Wimbledon fans singing in the rain Impromptu talent show brightens gloomy day

July 04, 1996|By Sandra McKee | Sandra McKee,SUN STAFF

WIMBLEDON, England -- If Dutch artist Jan Vermeer still were painting, the young girl leaning against the rail in the stands above Wimbledon's Court No. 1 would have been an inspiration.

She stood there, in the English gloom, in her fresh blue-and-white checked skirt that reached just below her knees. A blue jean jacket covered a black sweat shirt that covered a white blouse, and topping off her ensemble was the perfect straw hat with a pink ribbon fastened around the crown and trailing down the back.

Delight showed in her ceaseless smile.

"This is almost more fun than the match," said Nicky Amiabel, 11, looking up at her father beside her.

"Nicky doesn't speak much English," said her father, Michael, who came with his daughter from Holland for her first Wimbledon. "But she's been telling me, too, how much fun this is. And it is fun. I've been before, but before I only saw tennis, never have I seen singing like this."

Say what you will about the British, they certainly know how to throw a party in the rain.

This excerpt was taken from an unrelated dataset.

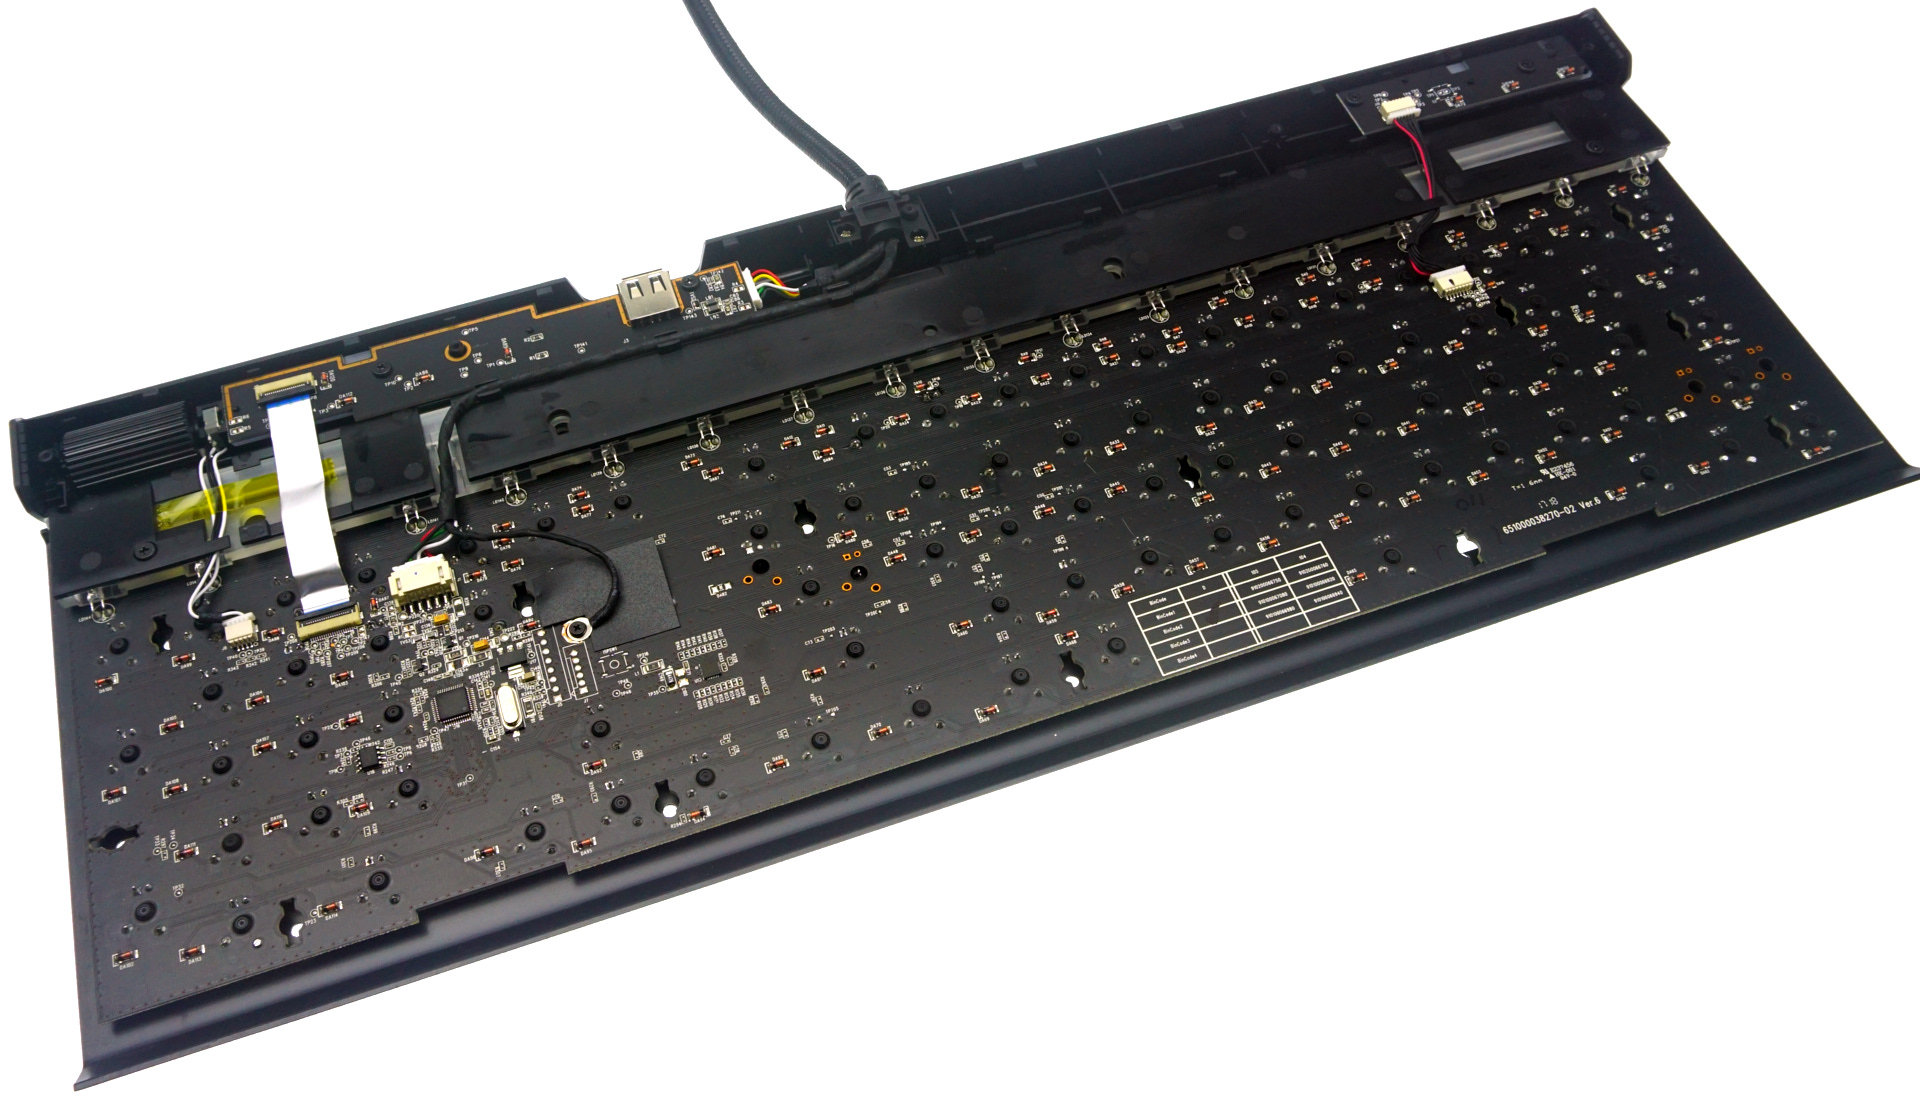 ånd kone Observatory The Keyboard - The Kingston HyperX Alloy Elite Mechanical Keyboard Review

Yesterday, bad weather delayed and finally postponed the men's quarterfinals, interrupting No. 1 seed Pete Sampras and Richard Krajicek on Centre Court and No. 4 Goran Ivanisevic and Jason Stoltenberg on Court No. 1.

While the players tried to entertain themselves in the locker room, fans on Court 1 entertained Nicky and each other with a sing-along and a comedy routine of sorts by members of the British military.

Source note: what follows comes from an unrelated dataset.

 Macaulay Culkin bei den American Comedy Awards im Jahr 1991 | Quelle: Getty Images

On Centre Court, aging British pop star "Sir" Cliff Richard got out of his seat in the Royal Box and presented an impromptu concert that had the staid All England Club rocking. Even those seated in the Royal Box turned to watch his performance, and clapped politely after each song.

"This is the most unusual experience of my career," said Richard, as he sang old hits such as "Bachelor Boy" and Elvis' "All Shook Up." "I never thought I'd be playing Centre Court. Who'd ever dream up a gig like this?"

Behind him, about a dozen current and former players from the women's tour, including Baltimore's Pam Shriver, Martina Navratilova, Conchita Martinez, Mary Joe Fernandez and Virginia Wade, emerged from the locker room and acted as his backup group.

At the entrances, the guards had given up on checking tickets.

"This lot's not supposed to be in here," said one guard, not BTC unhappily. "But they hear him and they've come from all directions. We're just letting them sit where they like."

They have sung on Centre Court before. In 1991, the year there was so much rain, Wimbledon officials were forced to schedule play on the tournament's middle Sunday. One song leader that day sang so well, he was given a professional tryout afterward.

But what Nicky was enjoying so much on Court 1 was Royal Marine Sgt. Major Chris Bateman leading the crowd in "Head, Shoulders, Knees and Toes," a children's song taught in primary school "to teach the young ones where their body parts are."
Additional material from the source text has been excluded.